Rationale
External failure costs are illustrated by the scenario of calling patients after treatment to determine their satisfaction.
This scenario represents a situation where the facility seeks feedback on the quality of care provided after the service has been rendered, indicating a response to potential failures in meeting patient expectations. Such actions are aimed at addressing issues that could lead to dissatisfaction, which aligns with the concept of external failure costs.
A) External failure costs
External failure costs arise when products or services fail to meet customer expectations, resulting in dissatisfaction. In this case, the medical facility is proactively reaching out to patients post-treatment to assess and improve patient satisfaction, which is directly related to addressing any external failures that may have occurred during the care process.
B) Prevention costs
Prevention costs pertain to expenses incurred to prevent defects and ensure quality before a service is delivered. These costs include training staff and improving processes to avoid issues from arising in the first place.
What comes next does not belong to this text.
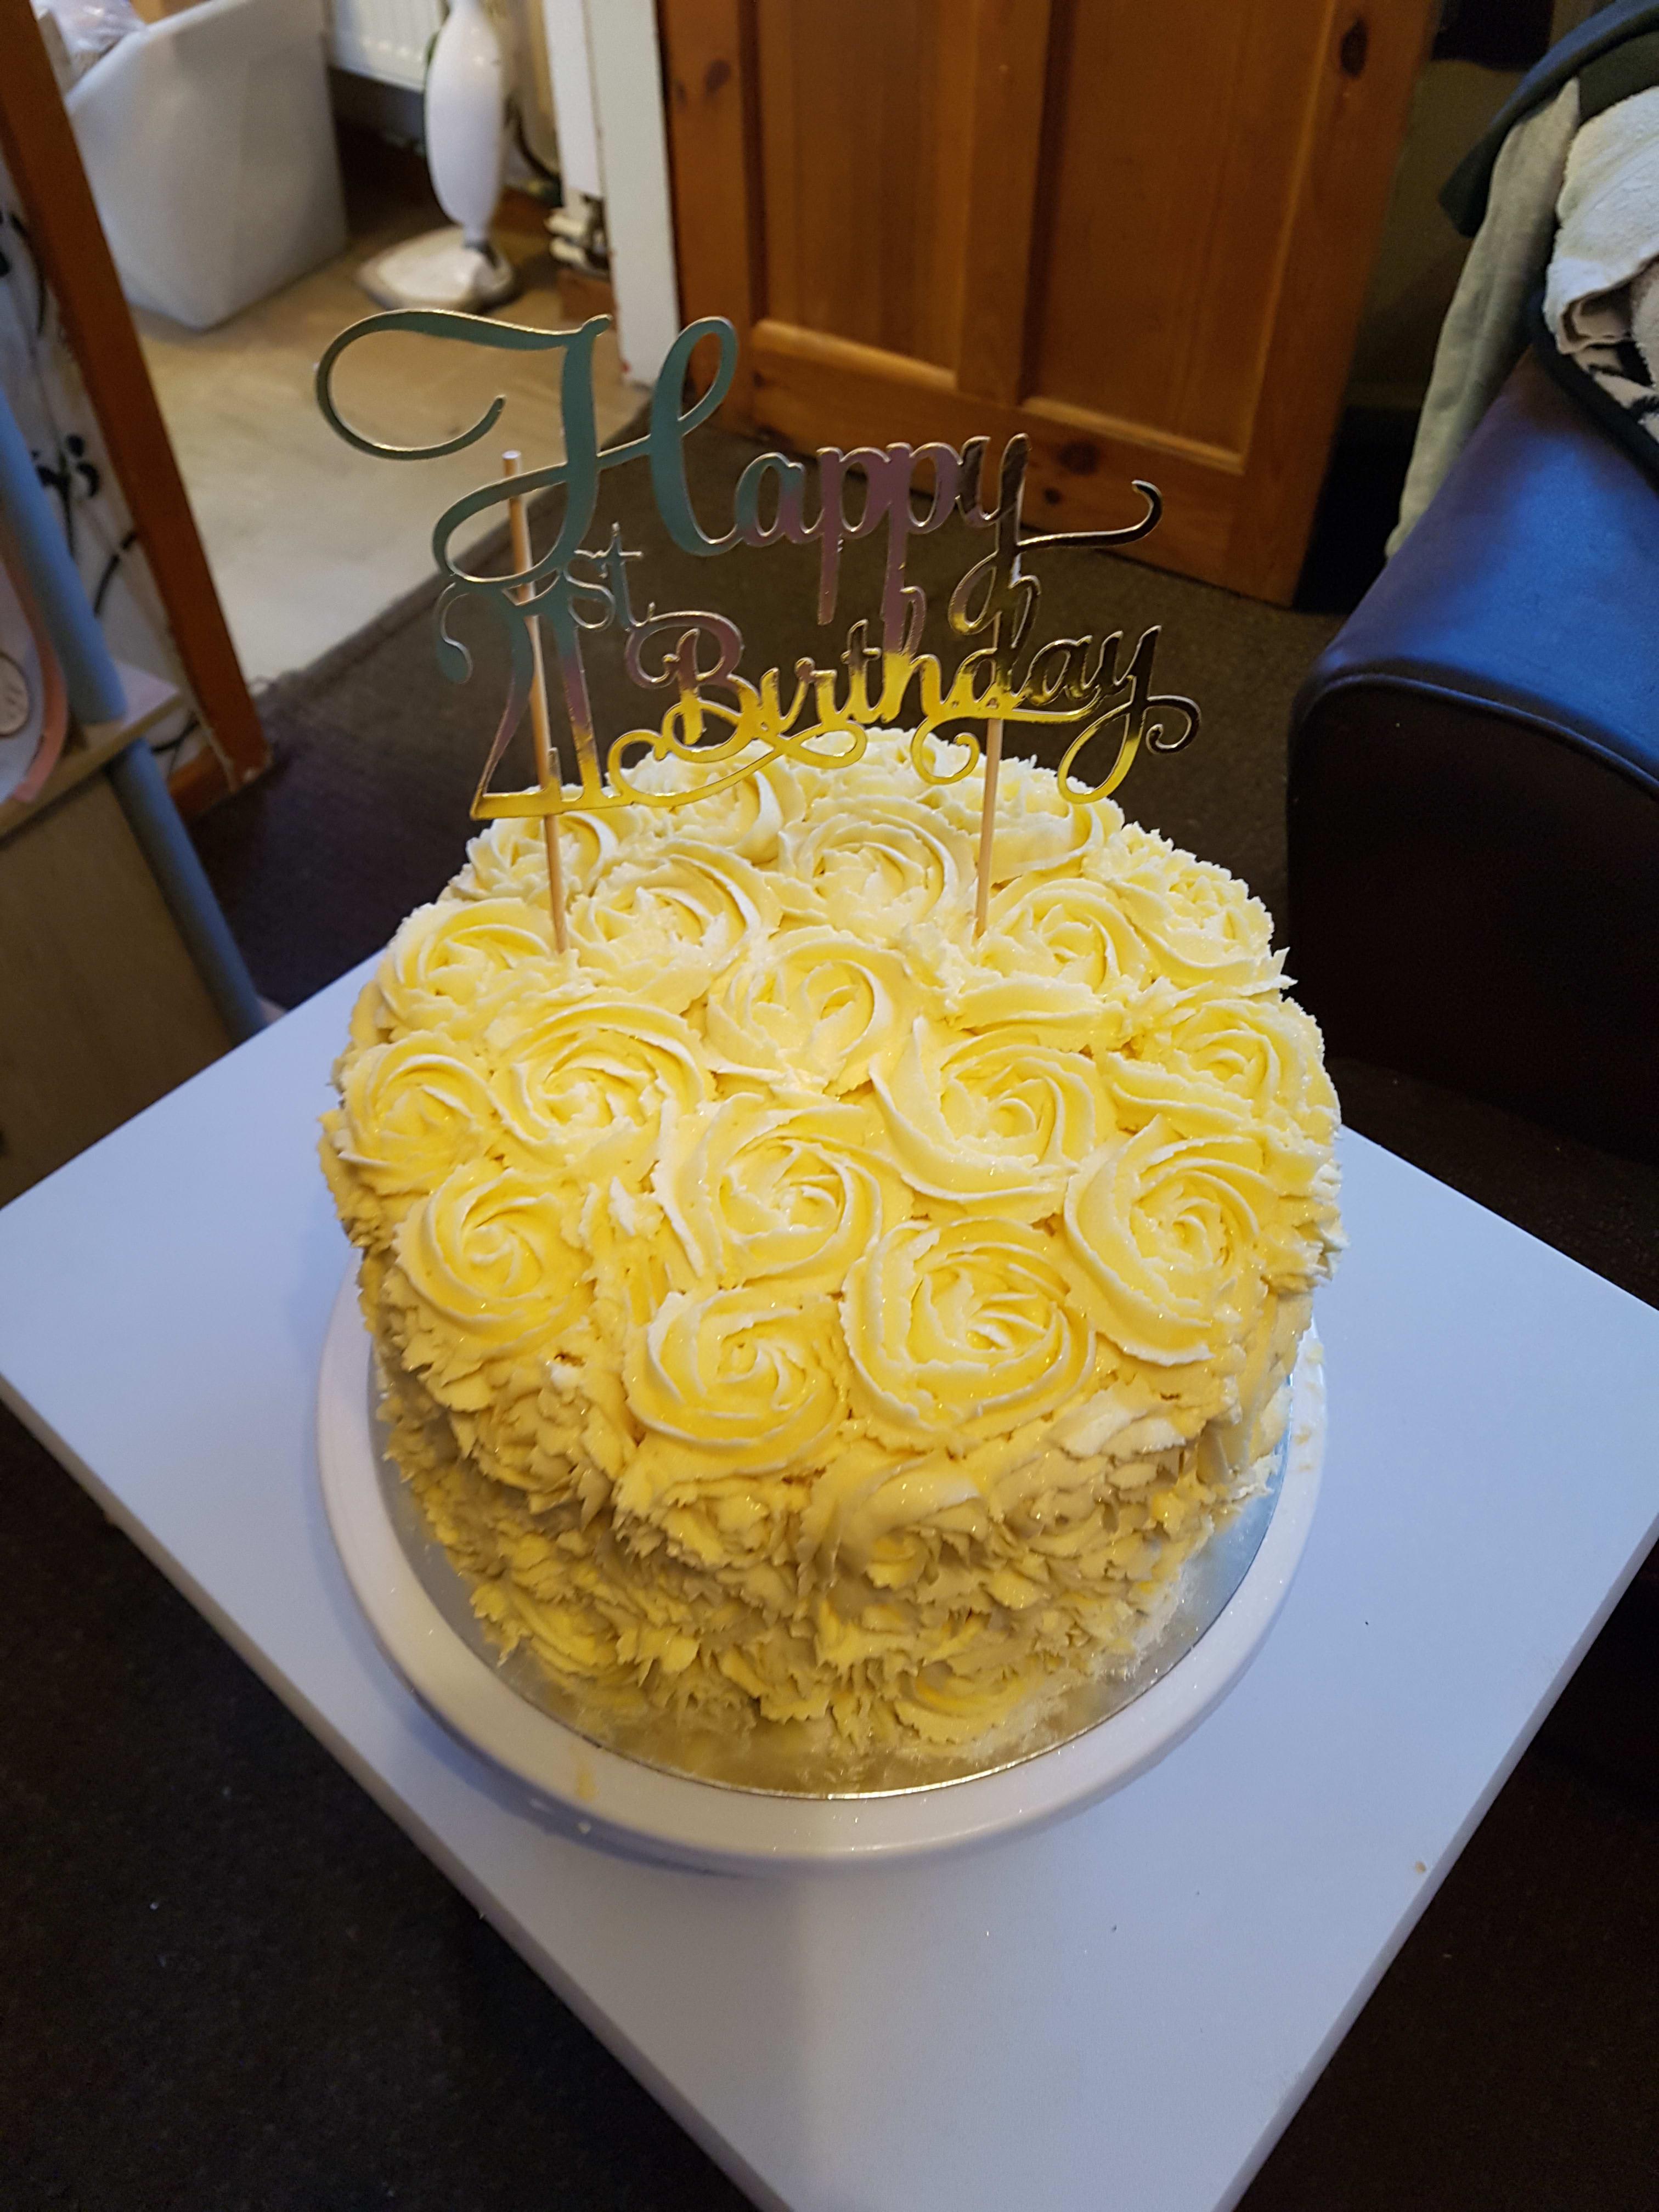 Dachell's Cakes

In contrast, the scenario describes an action taken after the service has been provided, thus not fitting the definition of prevention costs.
C) Appraisal costs
Appraisal costs involve expenses related to measuring and assessing the quality of services or products to ensure they meet quality standards. While patient feedback can be a form of appraisal, it occurs after the treatment rather than as a measure of quality during the service, making it less applicable in this context.
D) Internal failure costs
Internal failure costs are incurred when defects are identified before delivery to the customer, such as rework or scrap. The scenario does not describe any failure occurring within the facility before service delivery; rather, it focuses on evaluating patient satisfaction after treatment, which does not align with internal failures.
Conclusion
The scenario of a medical facility contacting patients post-treatment to gauge their satisfaction exemplifies external failure costs, as it addresses the consequences of not meeting patient expectations. This proactive approach underscores the facility's commitment to quality improvement and customer satisfaction, distinguishing it from prevention, appraisal, and internal failure costs, which are concerned with different stages of the quality management process.